WORK ITEM :: When you write out the listing below, keep each word exactly as it stands and drop the pictures.

RECORDED DATA ::
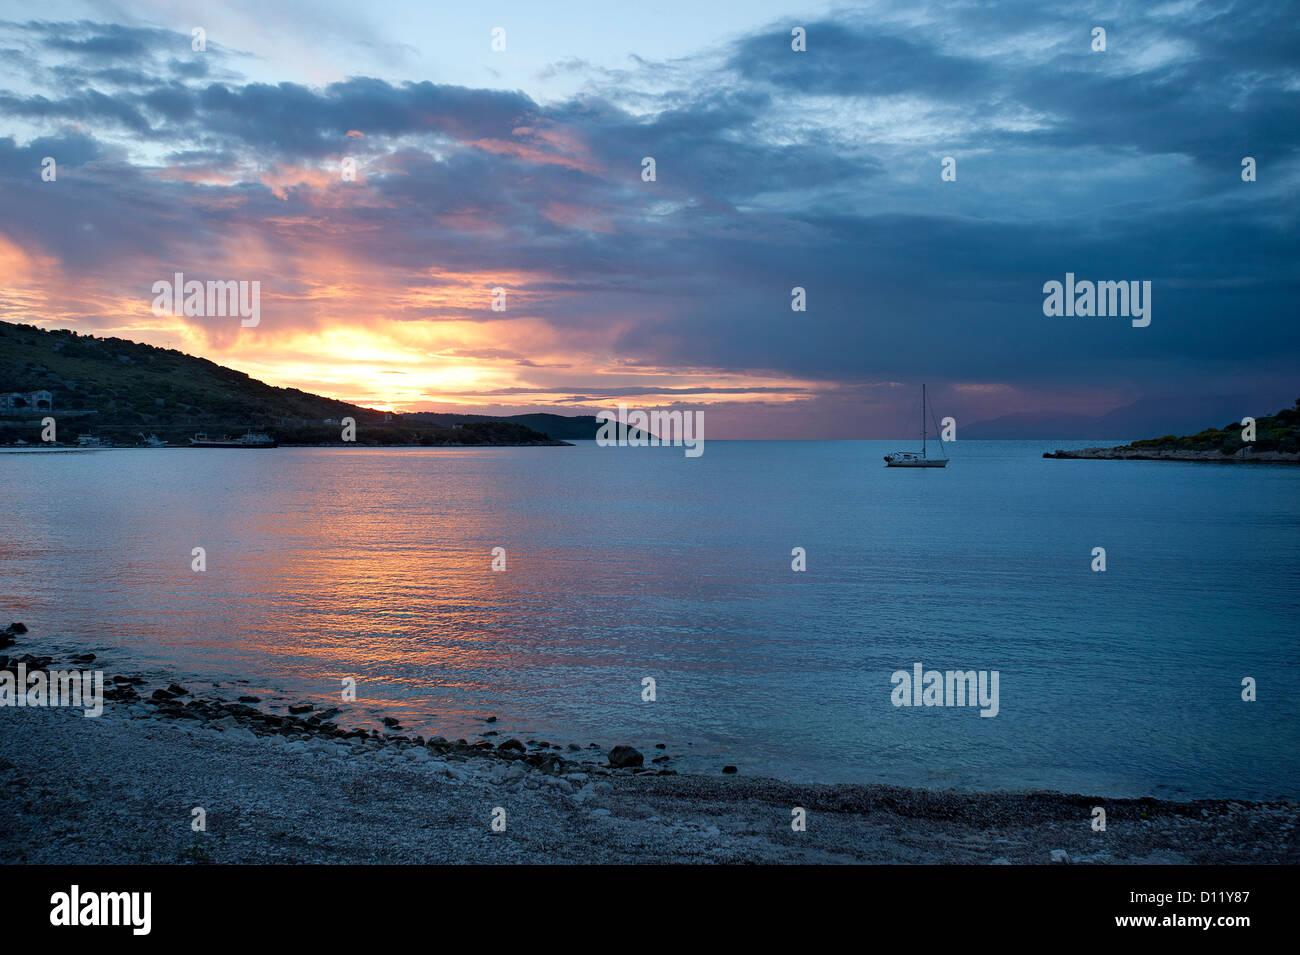 Sunset at Kassiopi Beach, Corfu, Ionian Islands, Greece Stock Photo
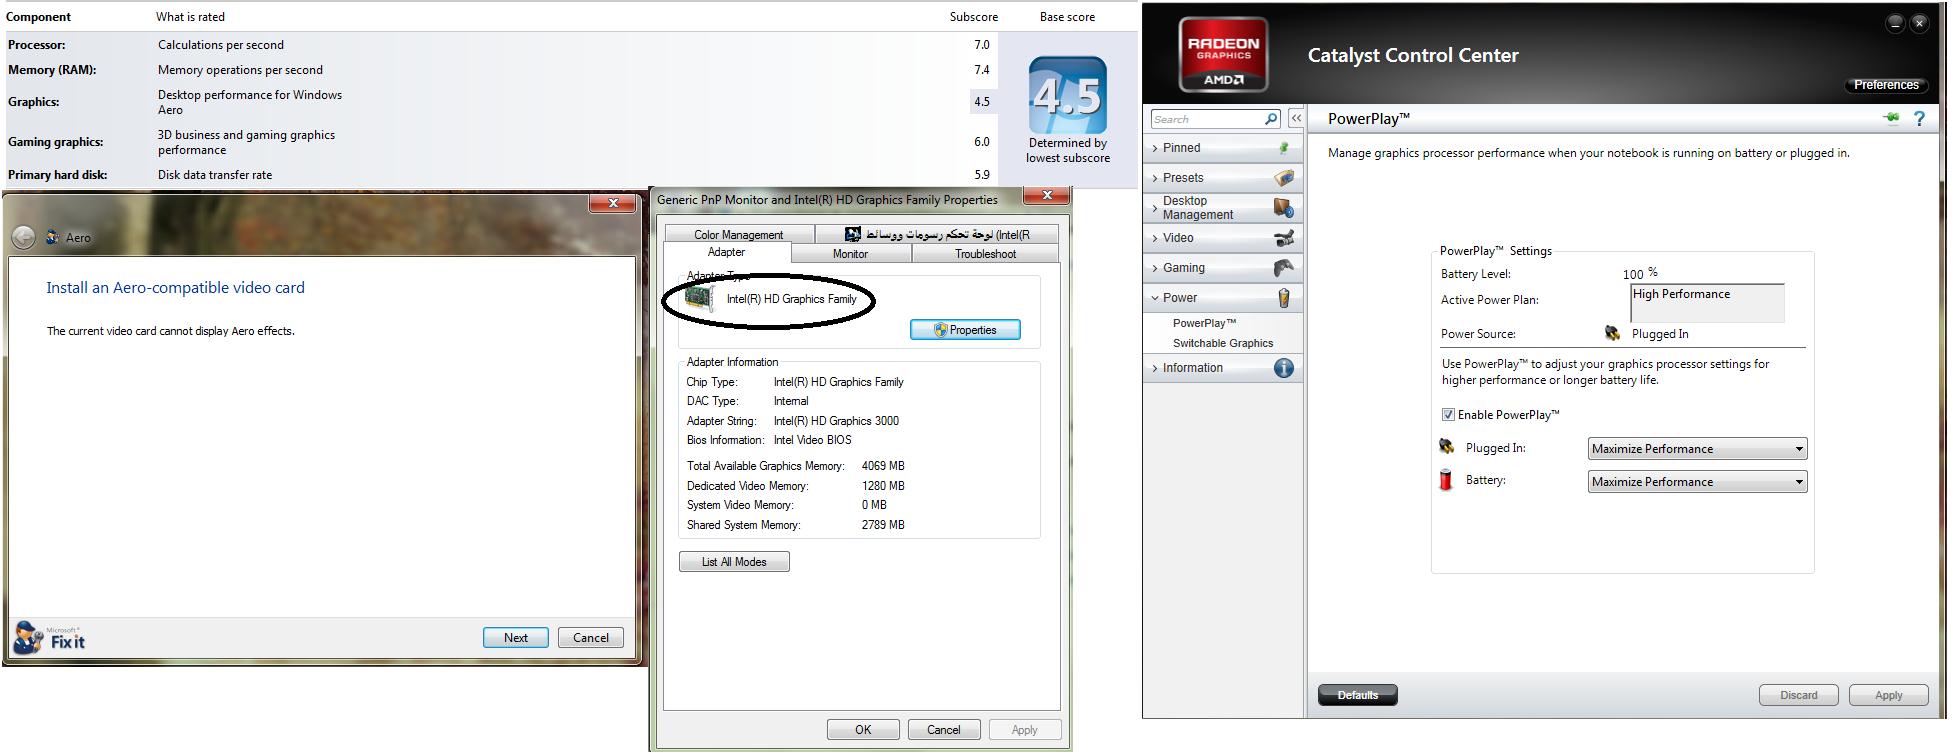 How can i increase desktop performance for windows aero.
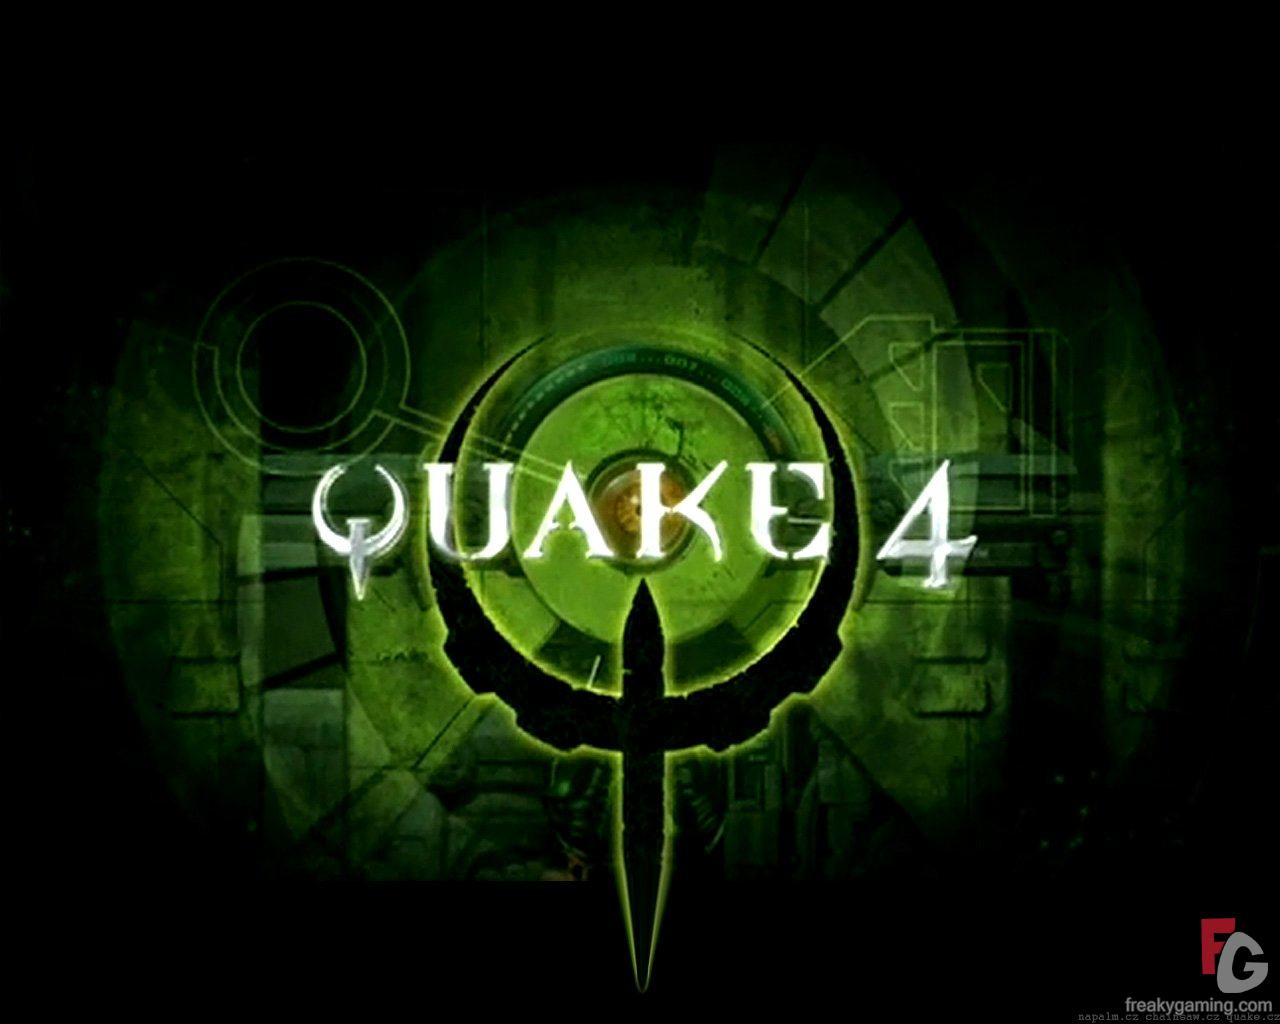 quake 4 logo wallpaper 1280x1024
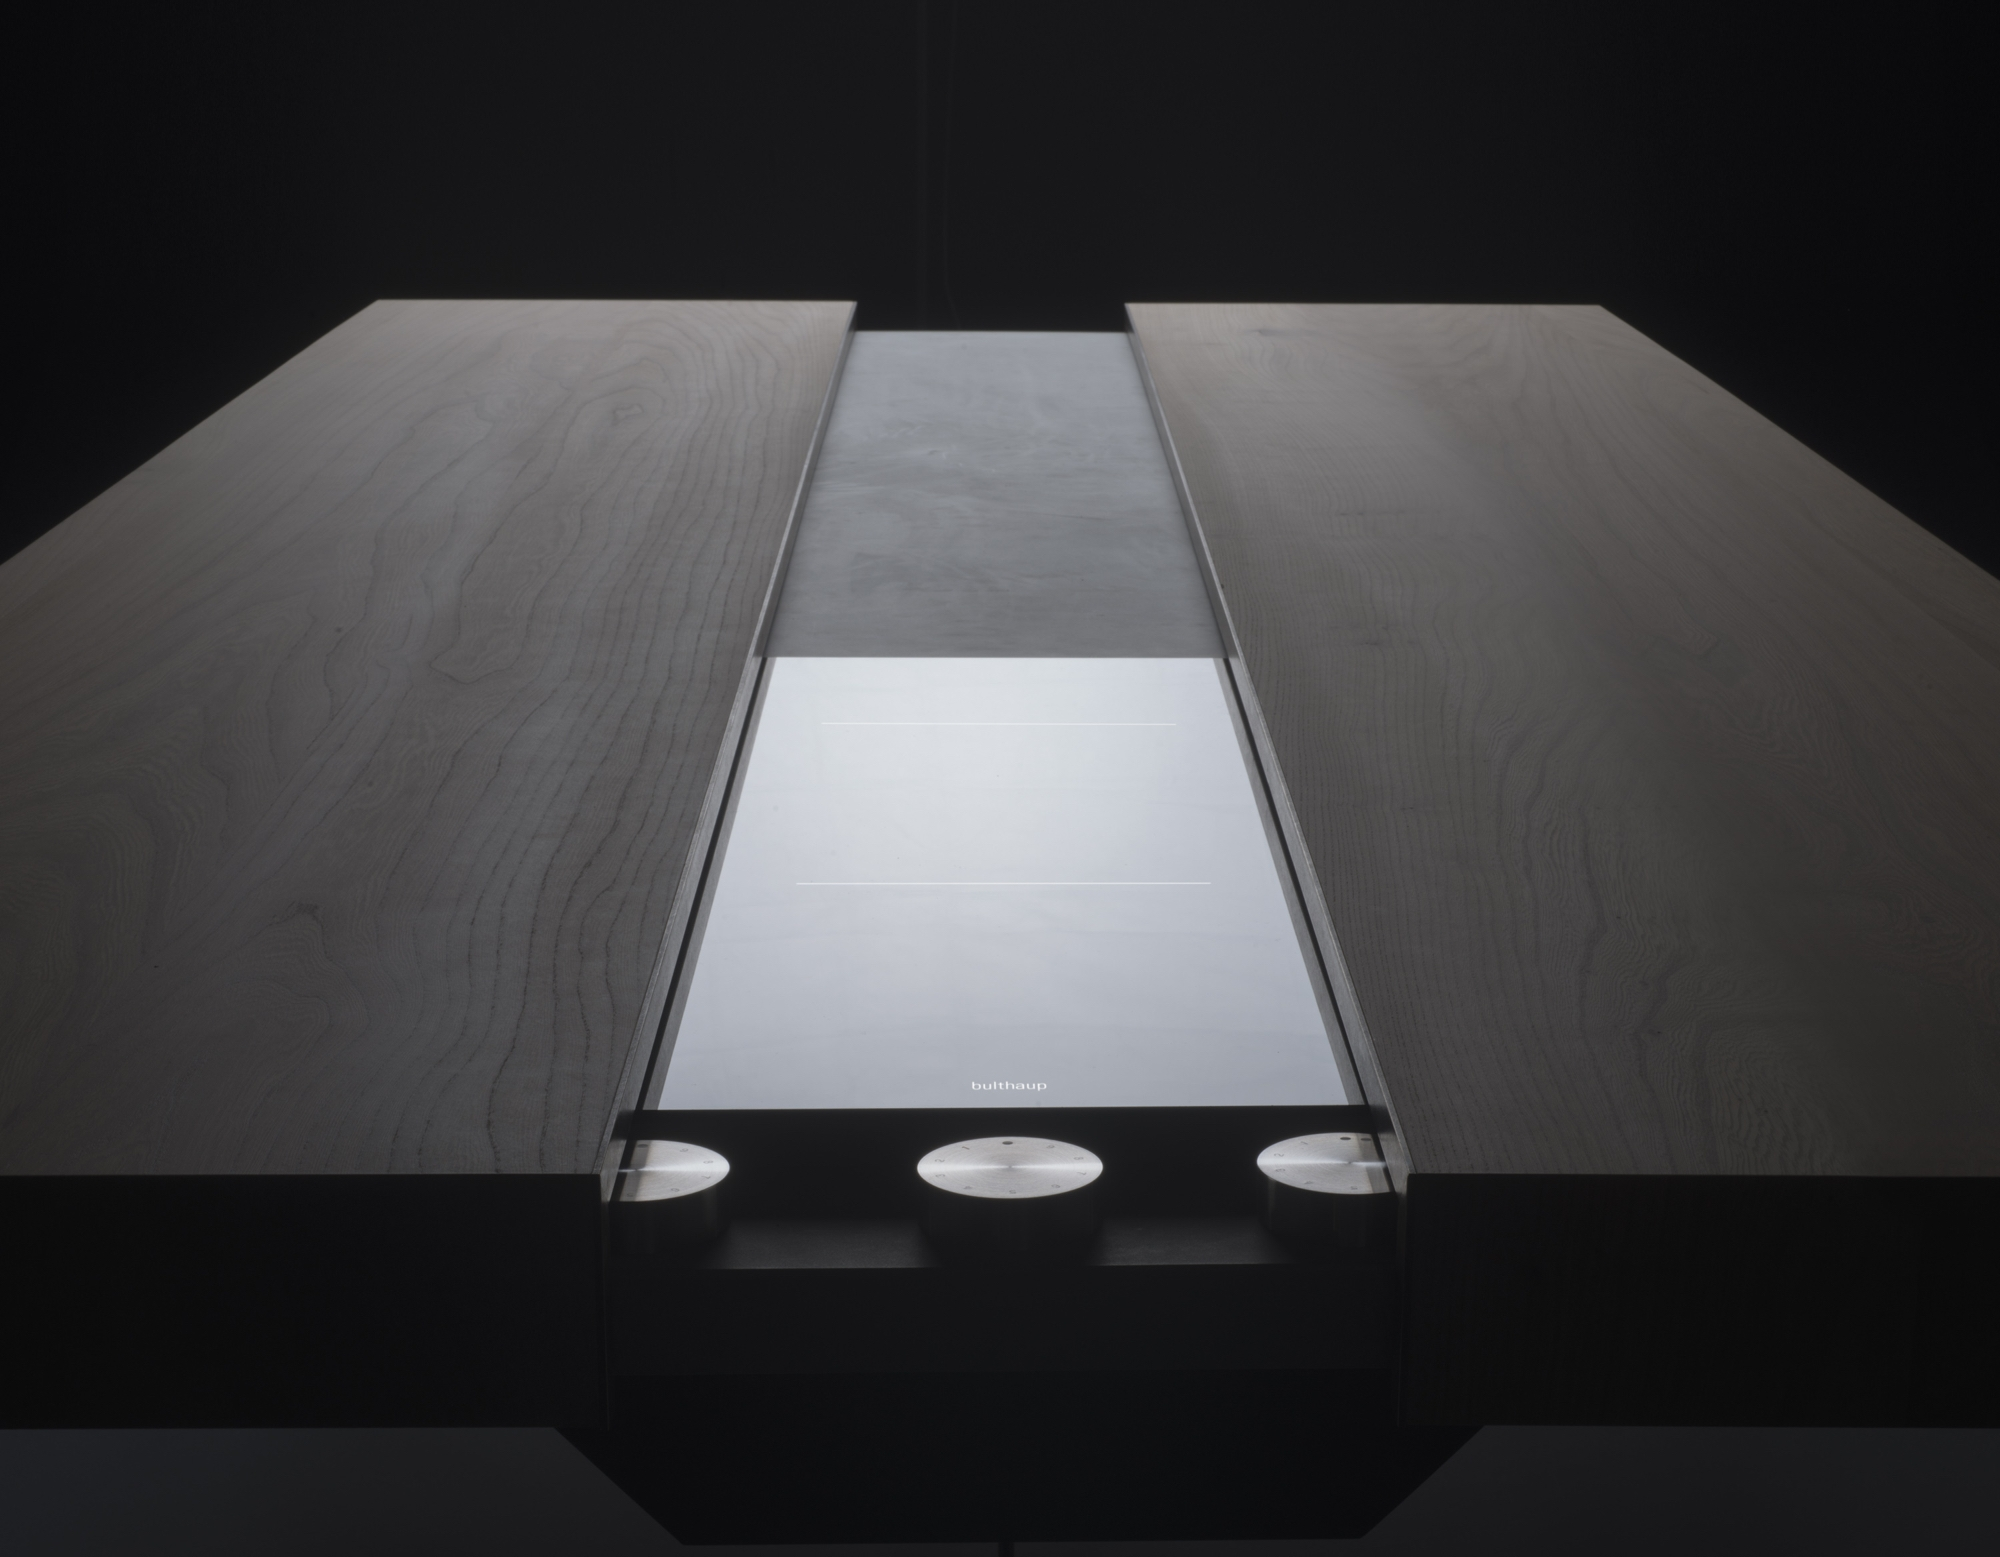 bultaup-table-1.jpg

ANSWER TO THIS EXERCISE ::
 Sunset at Kassiopi Beach, Corfu, Ionian Islands, Greece Stock Photo
 How can i increase desktop performance for windows aero.
 quake 4 logo wallpaper 1280x1024
 bultaup-table-1.jpg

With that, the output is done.